Performance

The good, the bad, the colored and the fast

Oct 10, 202513 min

A long time ago, back when the riding cat had its "note number six" adventure, and my knowledge of allocators and experience using them was limited to the linear and the system ones, my team was reassigned to help another team that worked on navigation systems for large ships. Riding cats, especially the younger ones, are creatures who rarely study the documentation in detail; more often they skim the bit about the project's system interfaces, malloc, new, system allocators, and figure they now surely understand how it all works. And then the job goes: "Forget everything you knew. You didn't read all the way to page eight-hundred-something of the spec — there's a custom allocator here, and it's genuinely bad."

That's roughly how my dive into the world of abnormal memory allocation began. These days I know a dozen different allocators and the specifics of how they work — the specifics are admittedly more about games, but I think many people will be curious why all those "dances with allocators" are needed. In that article all the allocators are still more or less normal, but there are abnormal ones too — and it turns out they're needed as well, and in certain areas of development they're quite important and actually used.

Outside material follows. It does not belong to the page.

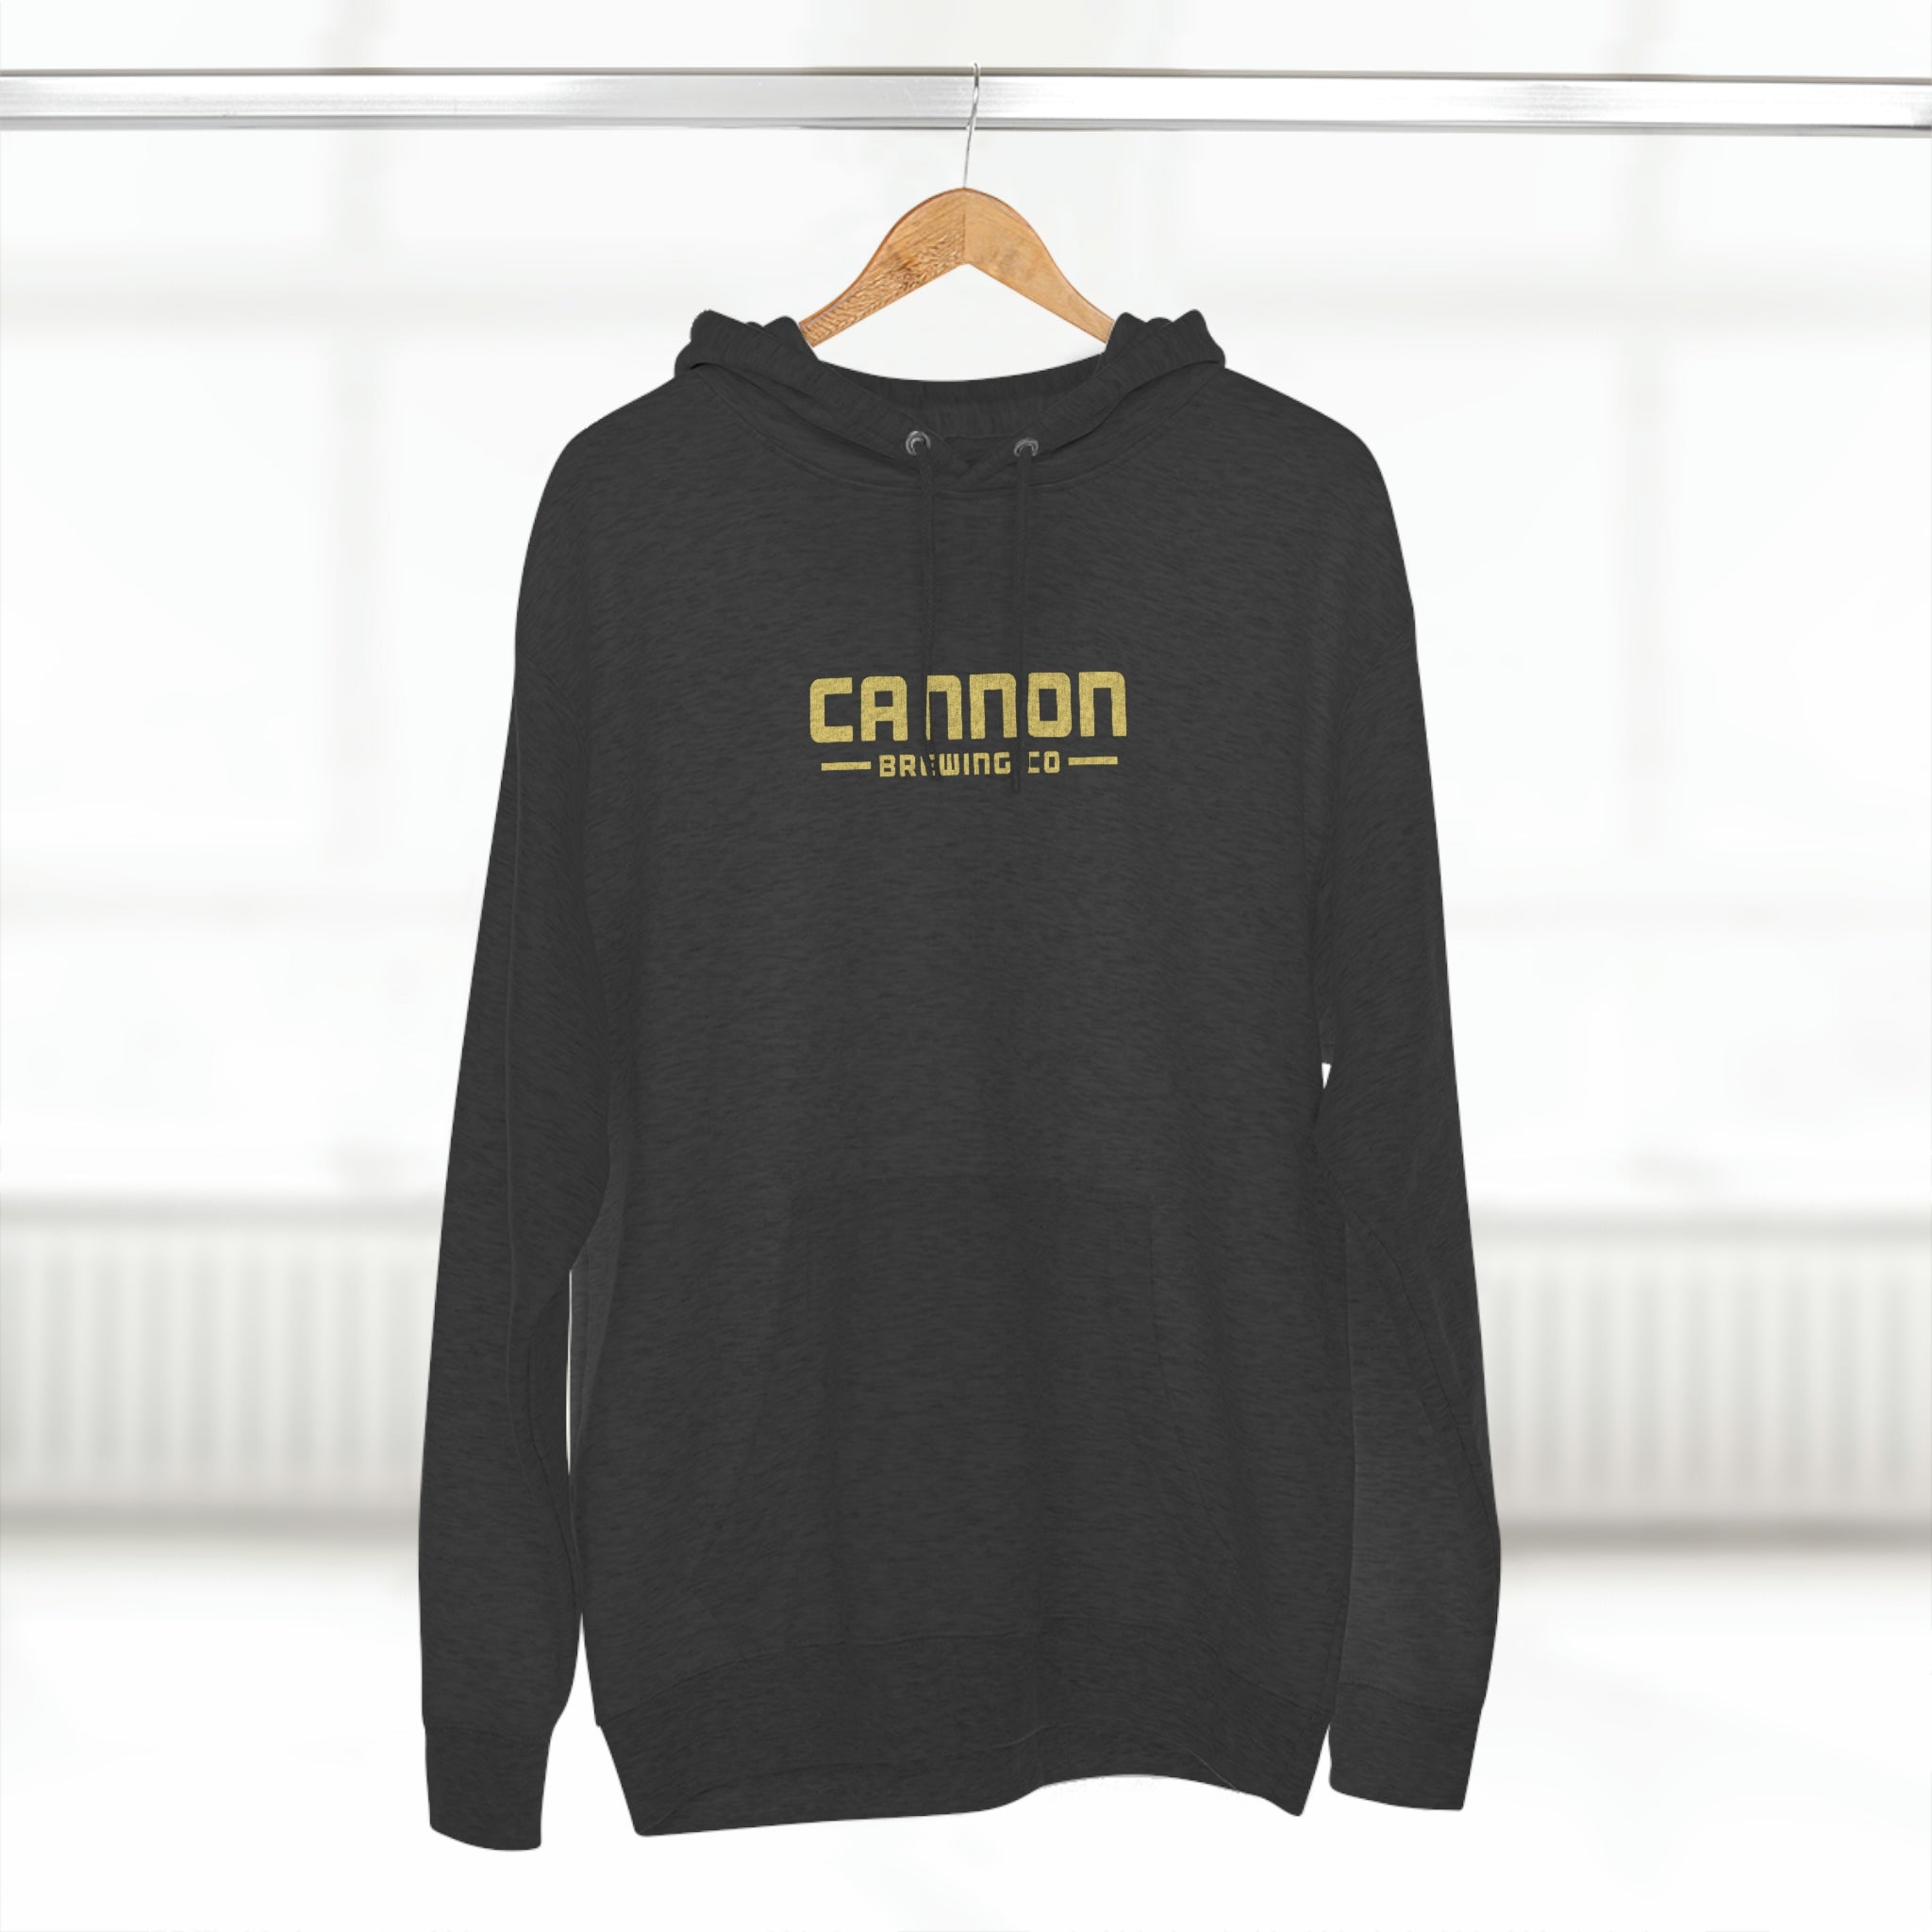 Cannon Brewing - Logo Centered - gold on dark or black on white - 80% cotton medium-heavy hoodie

But as for why the abnormal ones are needed and important, there are almost no explanations — nor implementations in the public domain. In this article I'll tell you which abnormal memory-allocation algorithms I've come across, what they live on, what they eat, and why malloc sometimes pretends it has nothing to do with it — and yes, malloc can return null, and we were wrong to remove that check.

To understand how an allocator is built, you can picture it as a small memory-management system inside the program. It's responsible for allocating, handing out, freeing, and — when necessary — fully destroying regions of memory. You can usually pick out five basic operations that describe how any allocator works (although not every allocator necessarily supports them all explicitly).

create / creating the allocator

Initializes the allocator: it's given a certain region of memory — this could be, for example, a pre-reserved fixed-size buffer or a block obtained from the system allocator (e.g. via malloc or VirtualAlloc). In essence the allocator starts to "live" inside this region and manage it on its own, handing out memory at the program's request. The key idea is that after a create call the allocator no longer talks to the operating system directly. It works inside the space allotted to it, which makes allocations faster and more predictable.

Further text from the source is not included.